**WHAT TO PRODUCE:** Copy word for word the lines of the records below, beginning at the one with "Image Justin Bieber 2015" and finishing at the one with "Structure of Octadecylphosphonic acid", ends included, but none of the pictures.

**DATA TO EXAMINE:**
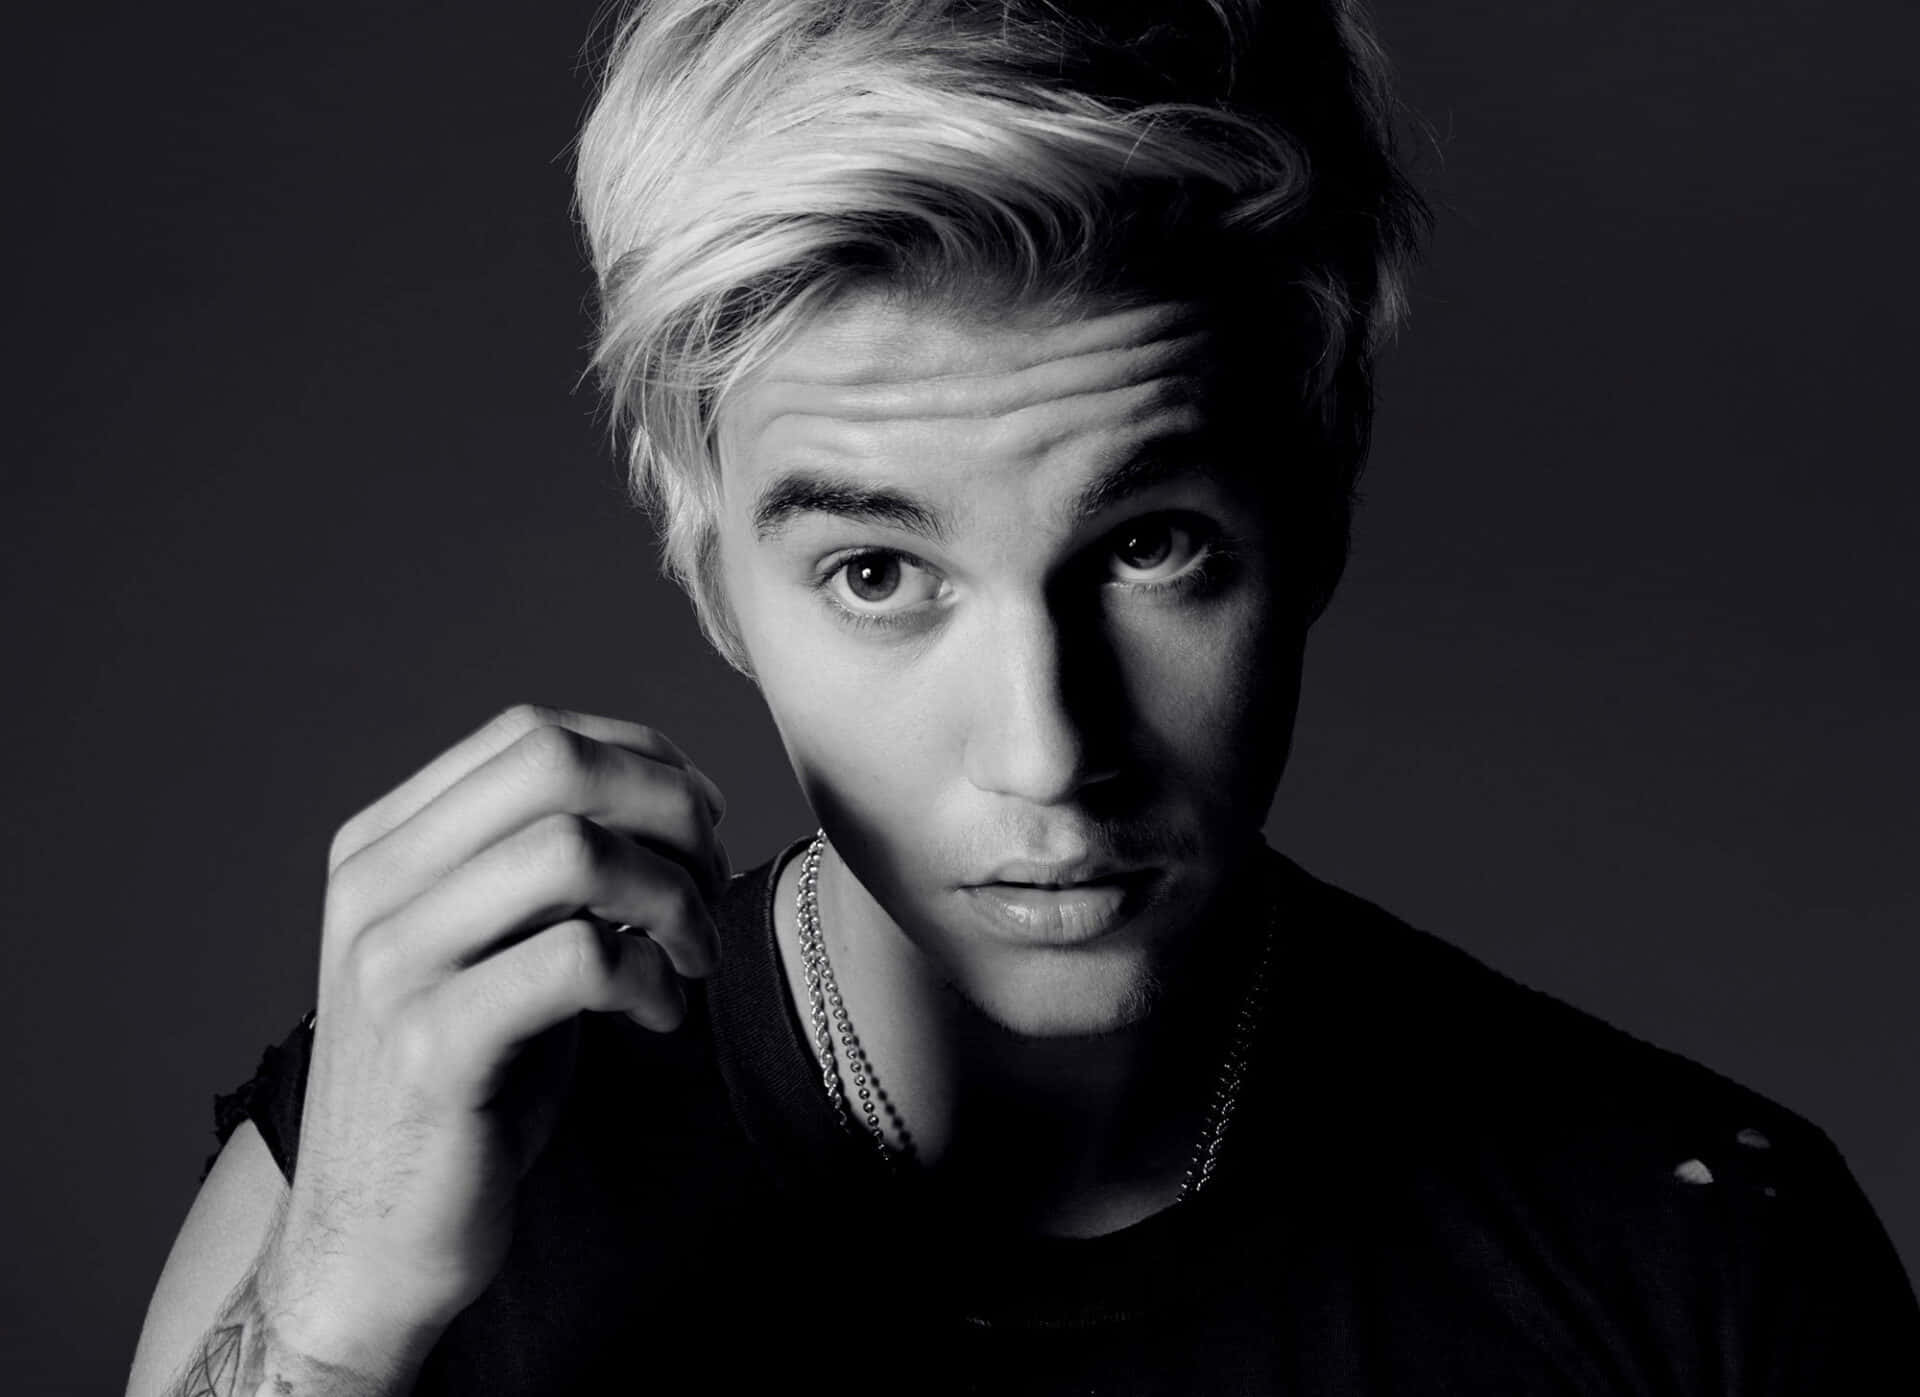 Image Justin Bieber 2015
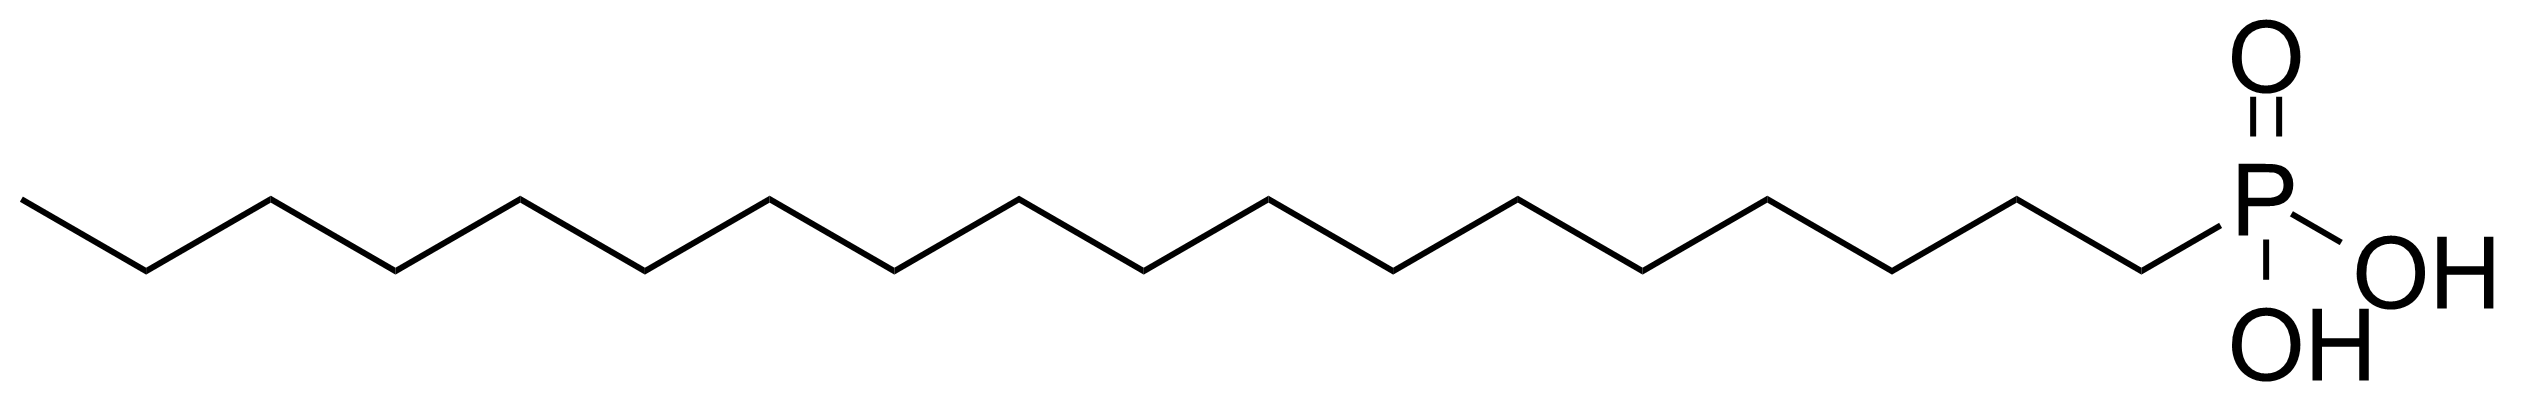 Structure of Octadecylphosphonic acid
---
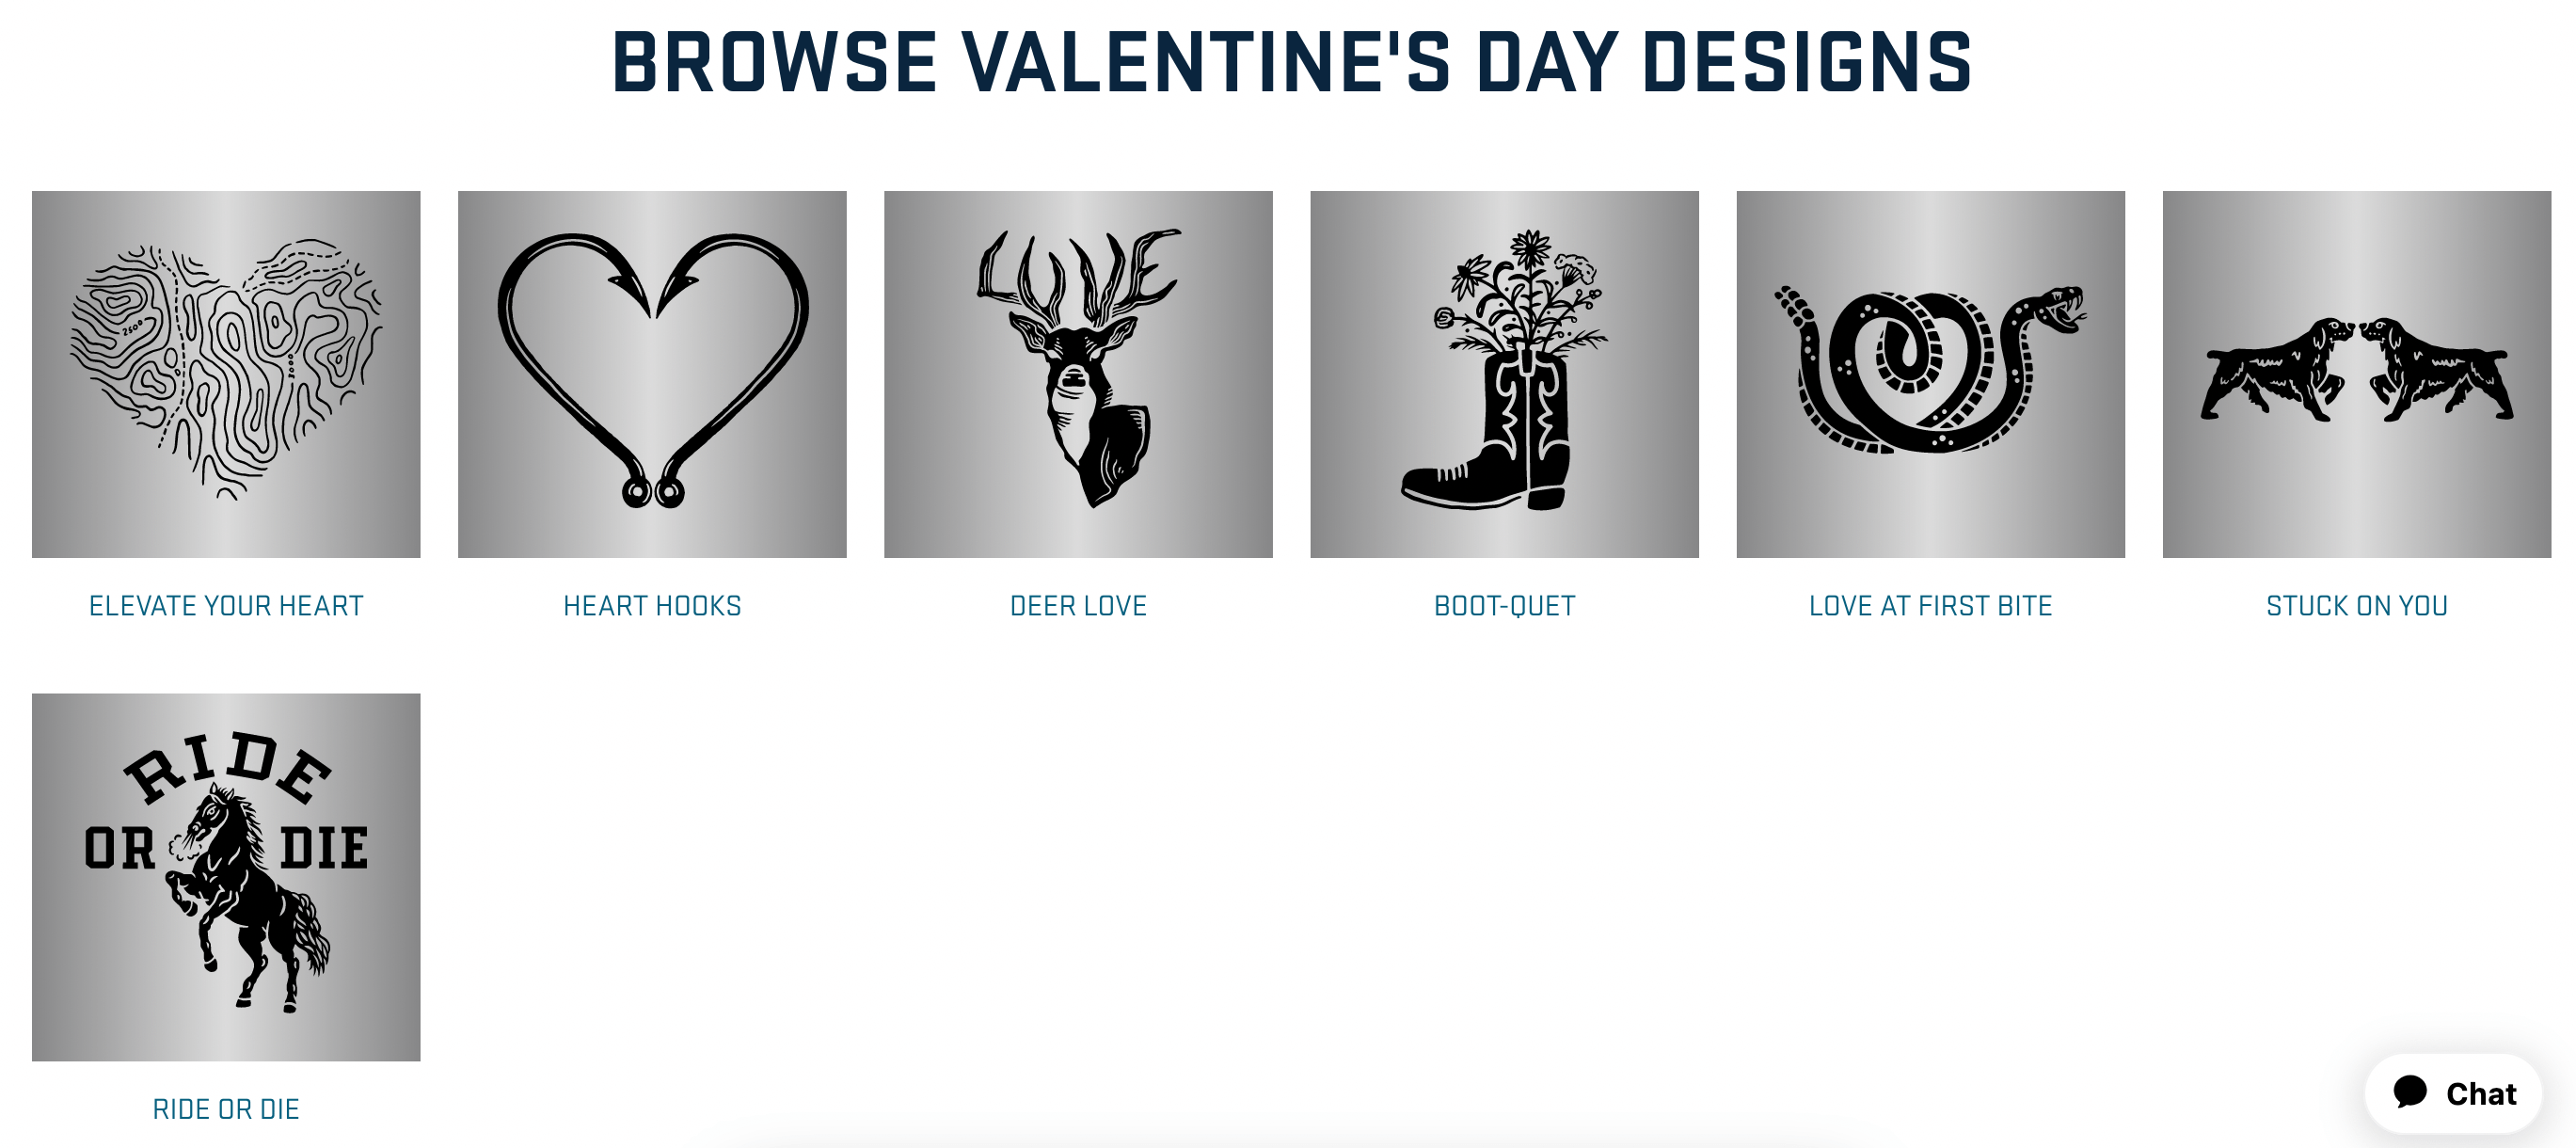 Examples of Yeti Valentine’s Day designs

**ANSWER TO THIS EXERCISE:**
 Image Justin Bieber 2015
 Structure of Octadecylphosphonic acid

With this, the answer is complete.